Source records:
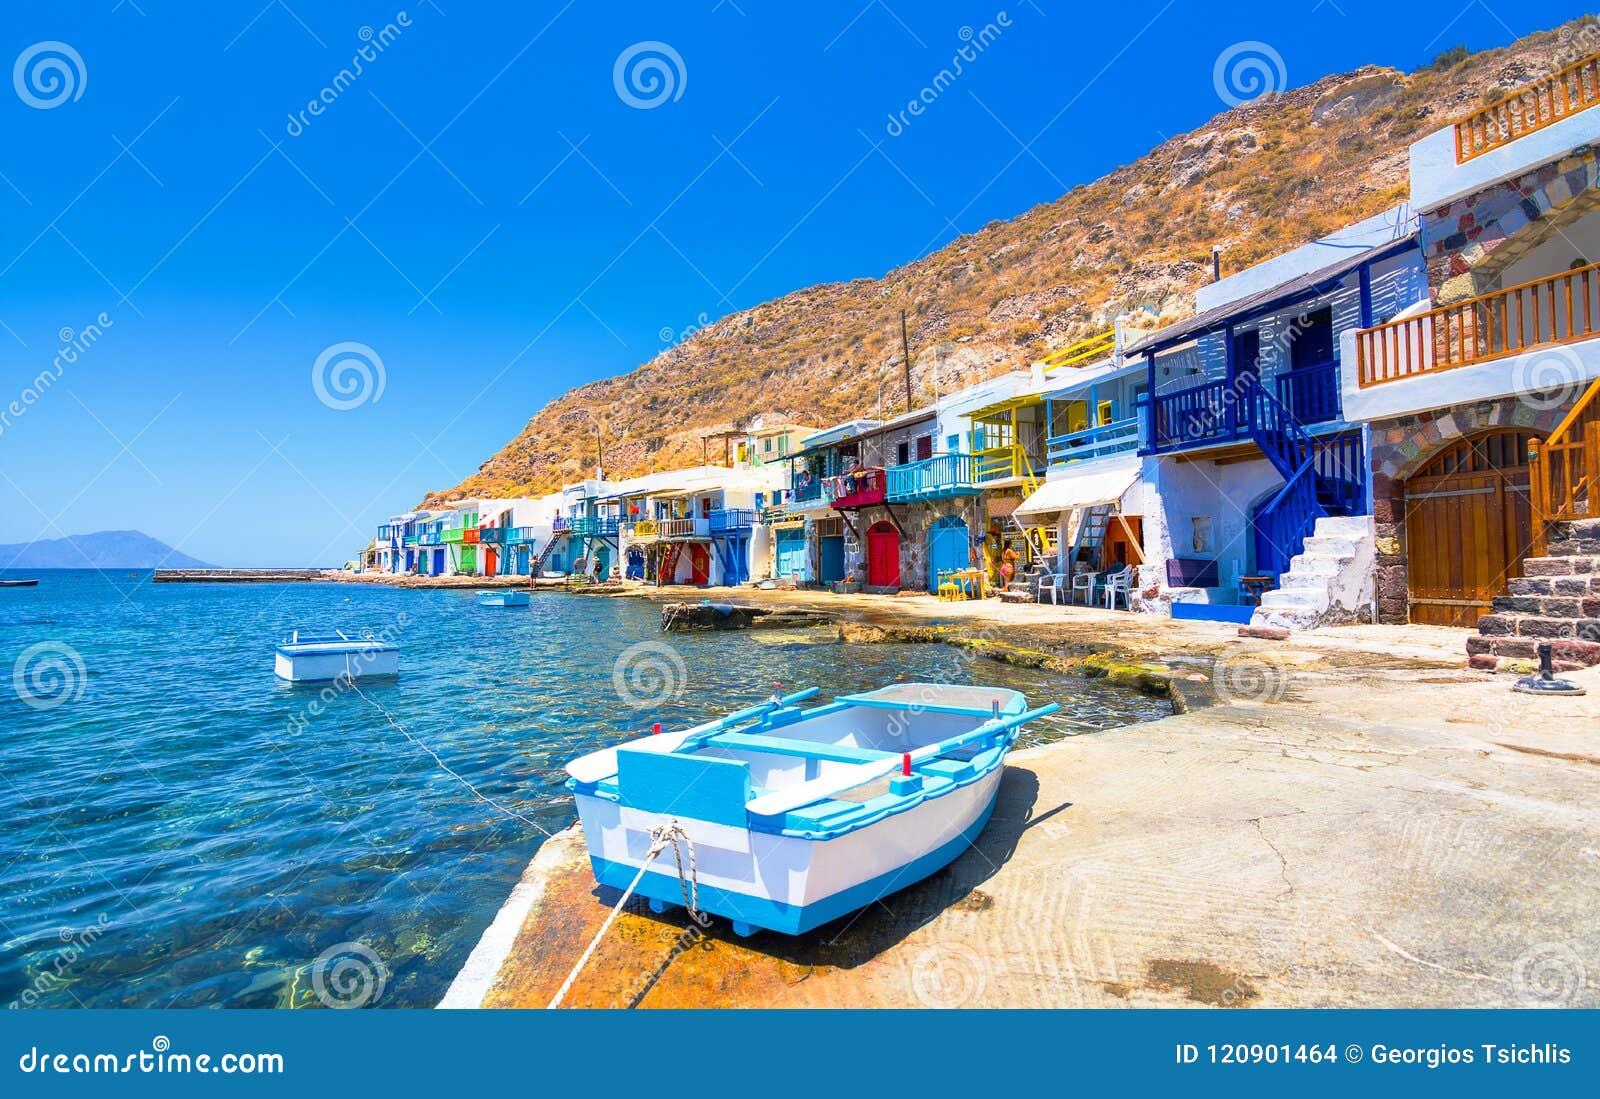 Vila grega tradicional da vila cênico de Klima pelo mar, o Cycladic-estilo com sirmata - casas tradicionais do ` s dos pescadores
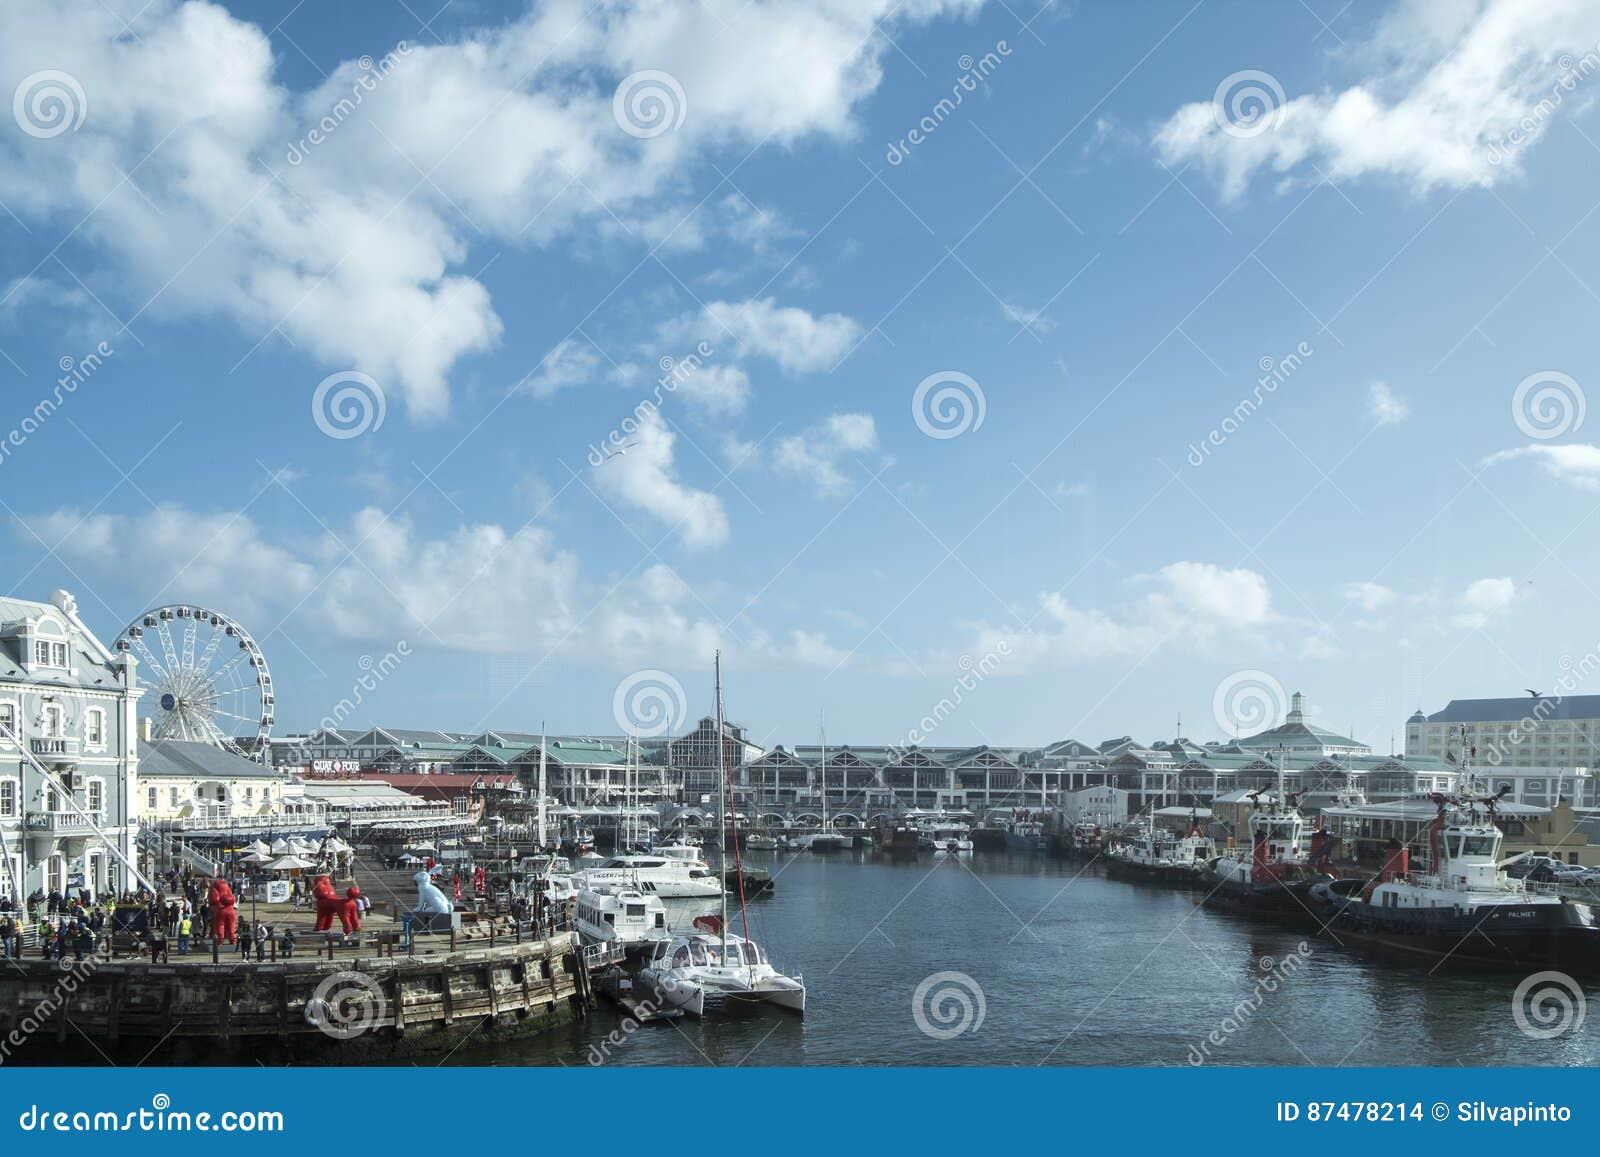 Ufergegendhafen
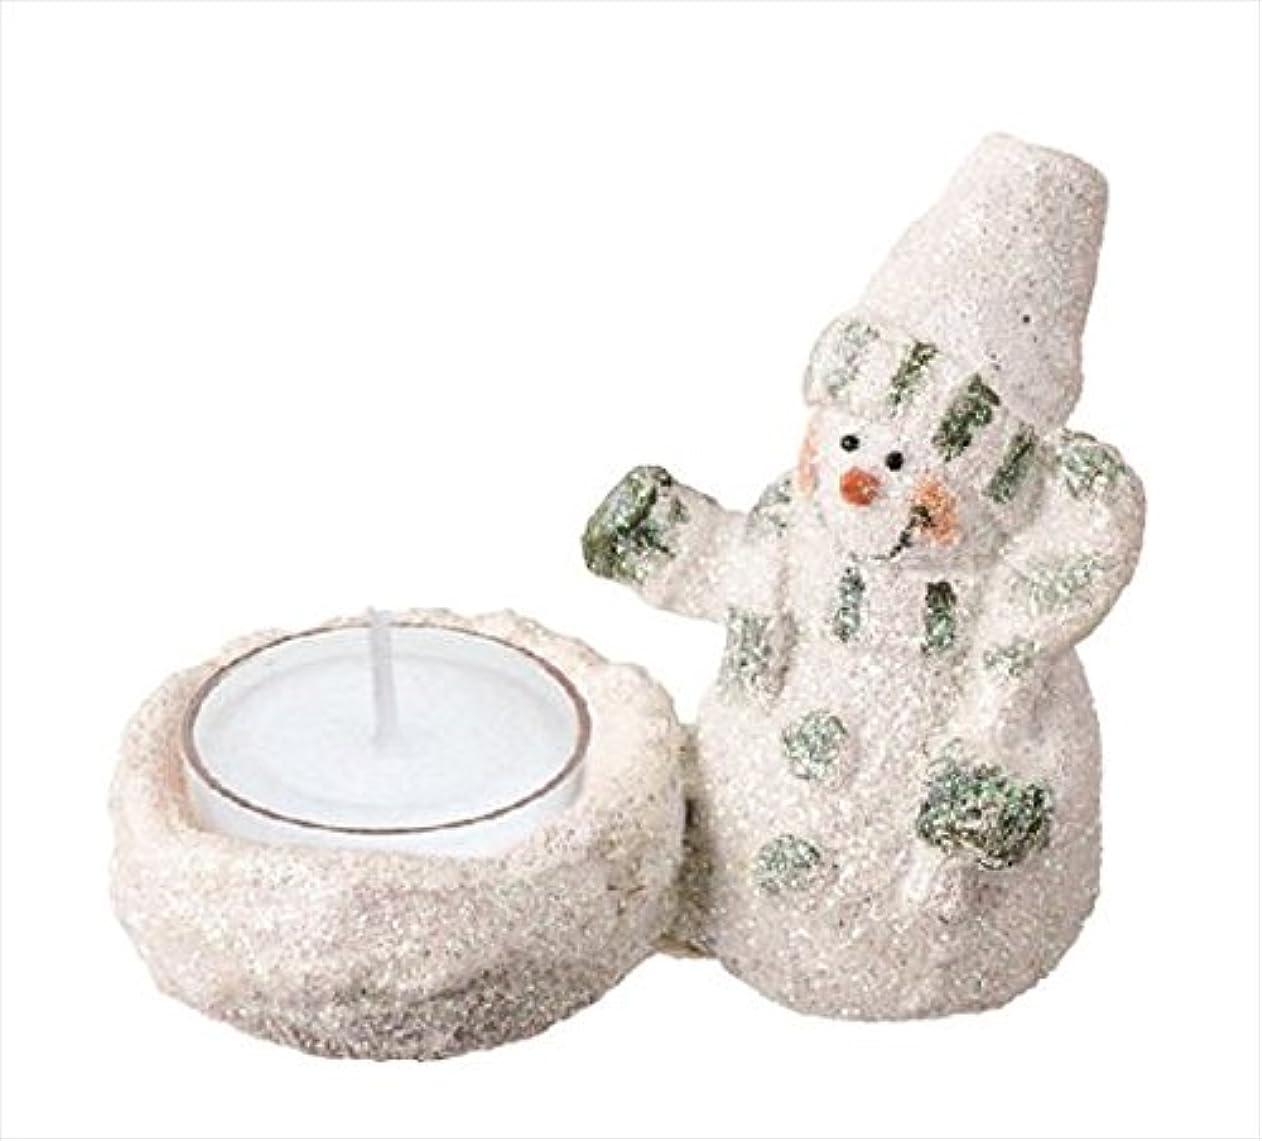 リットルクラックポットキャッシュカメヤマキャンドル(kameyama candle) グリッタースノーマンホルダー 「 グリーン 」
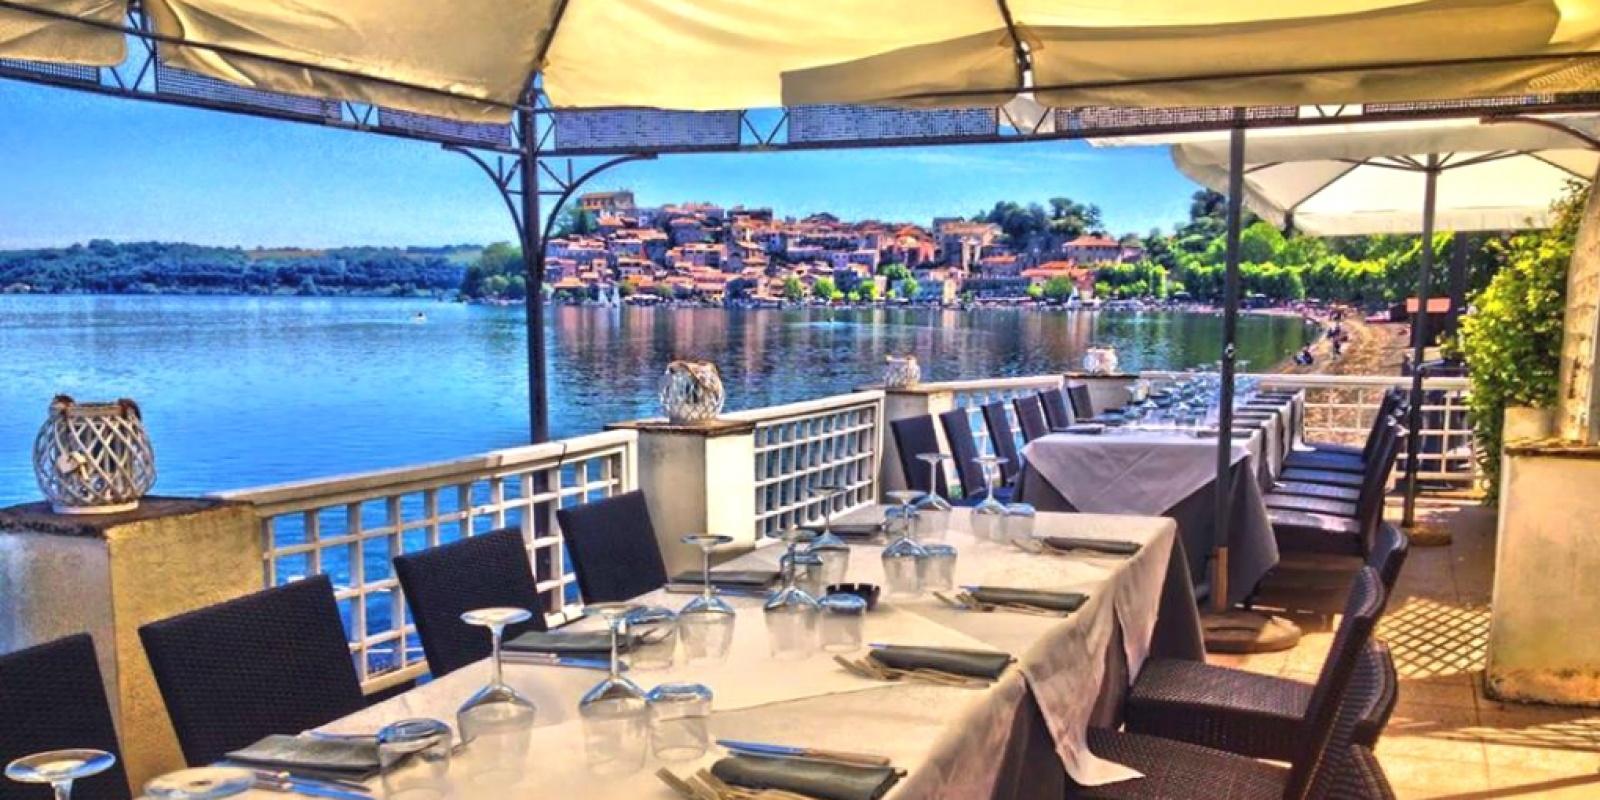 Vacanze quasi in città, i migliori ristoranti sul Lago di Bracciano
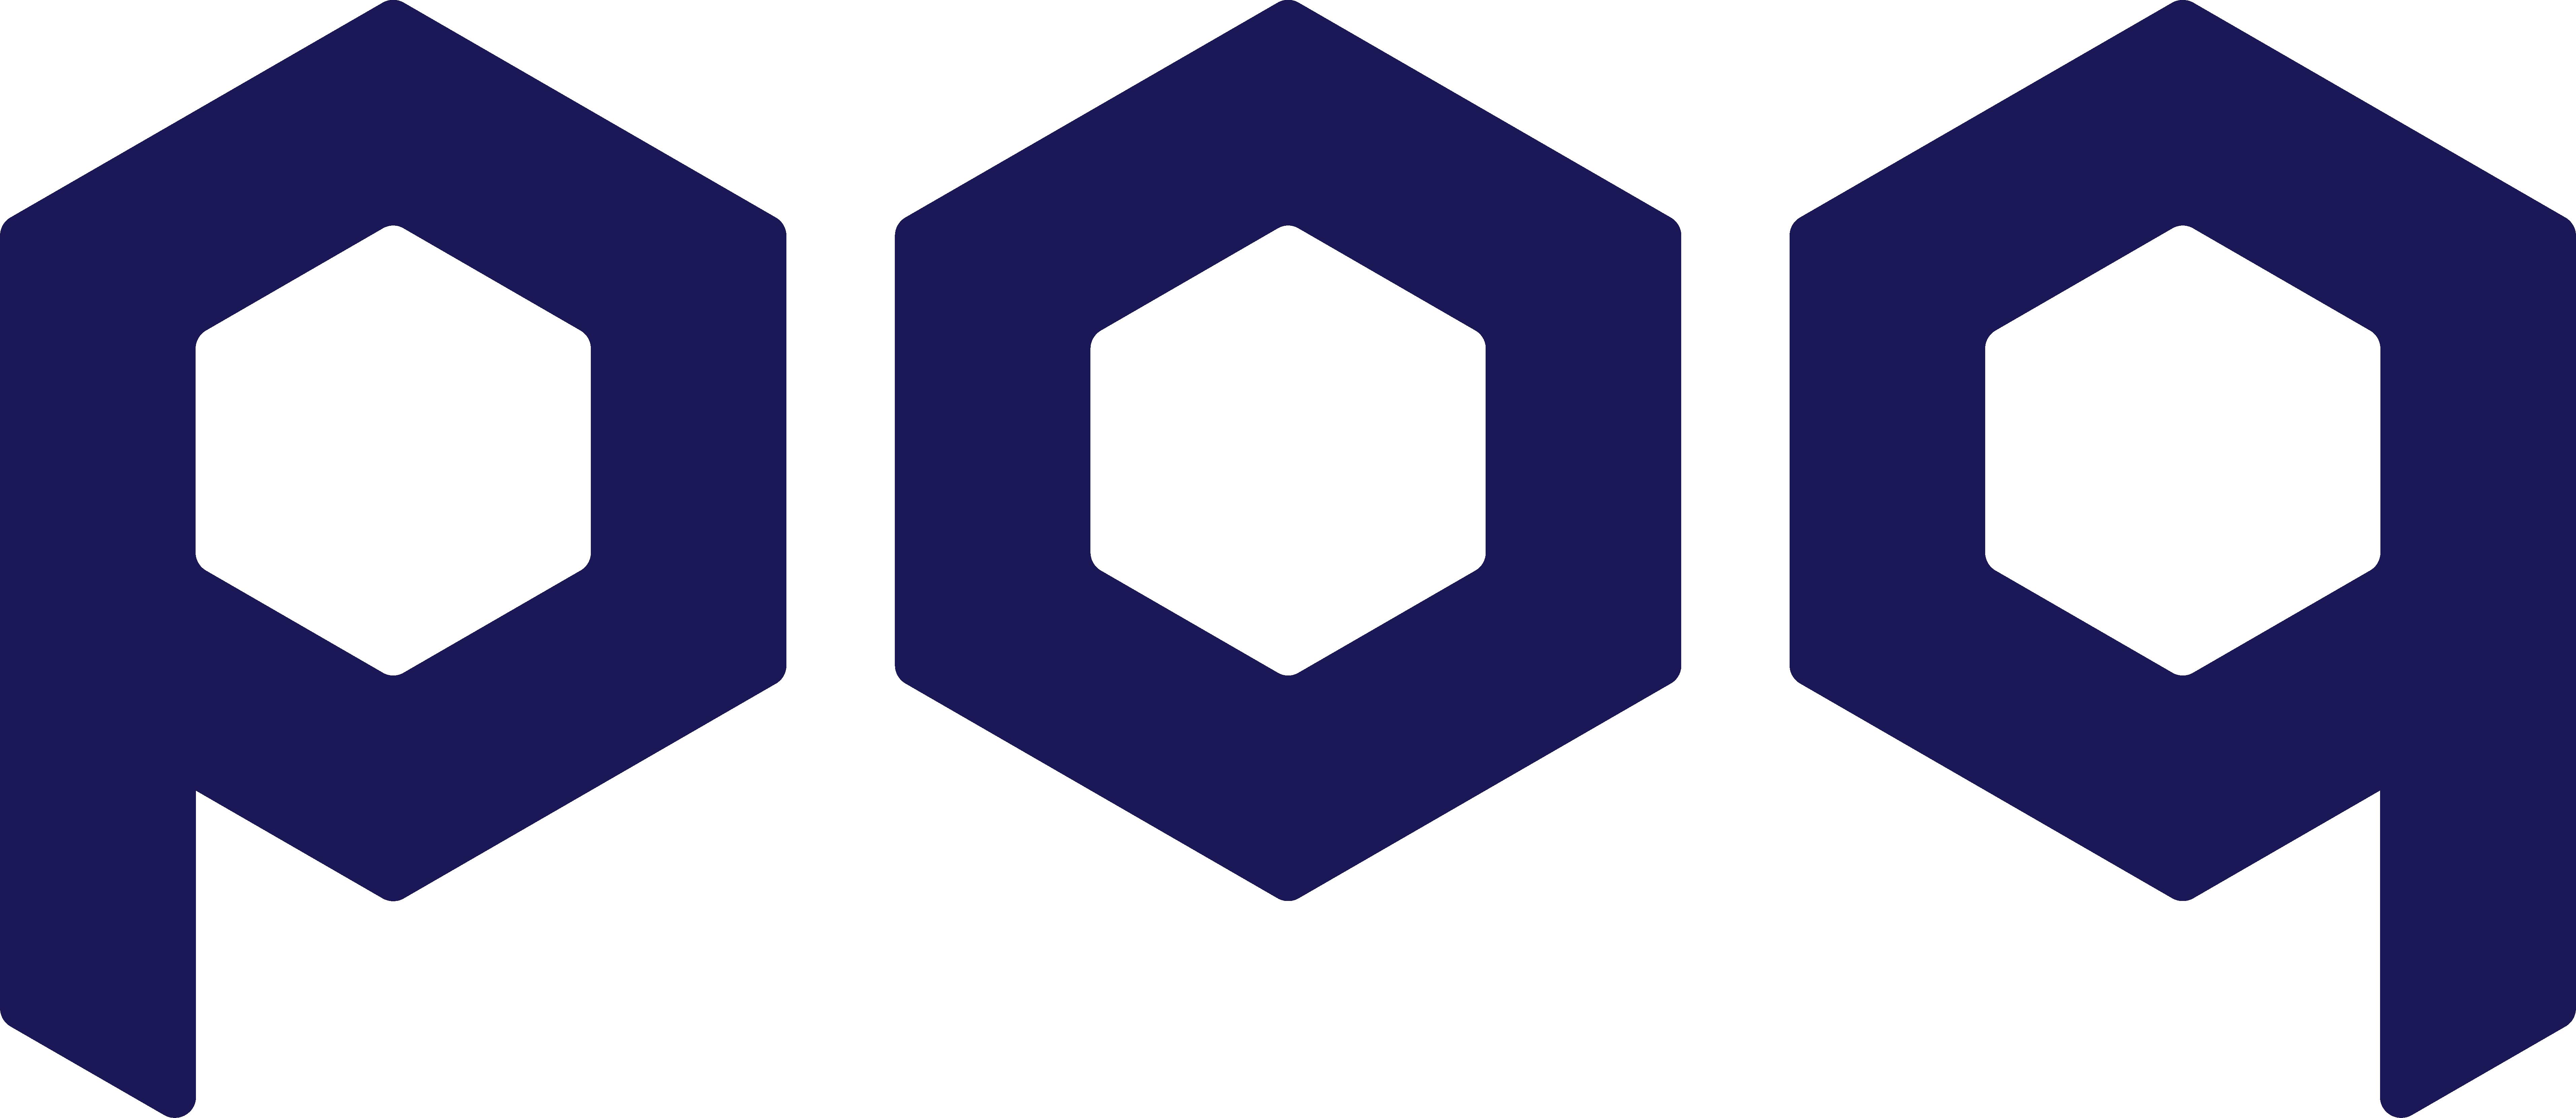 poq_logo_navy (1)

* _ACTION ITEM_
Write out exactly, please, the lines that start at the one containing "リットルクラックポットキャッシュカメヤマキャンドル(kameyama candle) グリッタースノーマンホルダー" and run through the final line of the entries, both included, leaving pictures out.

* _RESPONSE TO THIS TASK_
 リットルクラックポットキャッシュカメヤマキャンドル(kameyama candle) グリッタースノーマンホルダー 「 グリーン 」
 Vacanze quasi in città, i migliori ristoranti sul Lago di Bracciano
 poq_logo_navy (1)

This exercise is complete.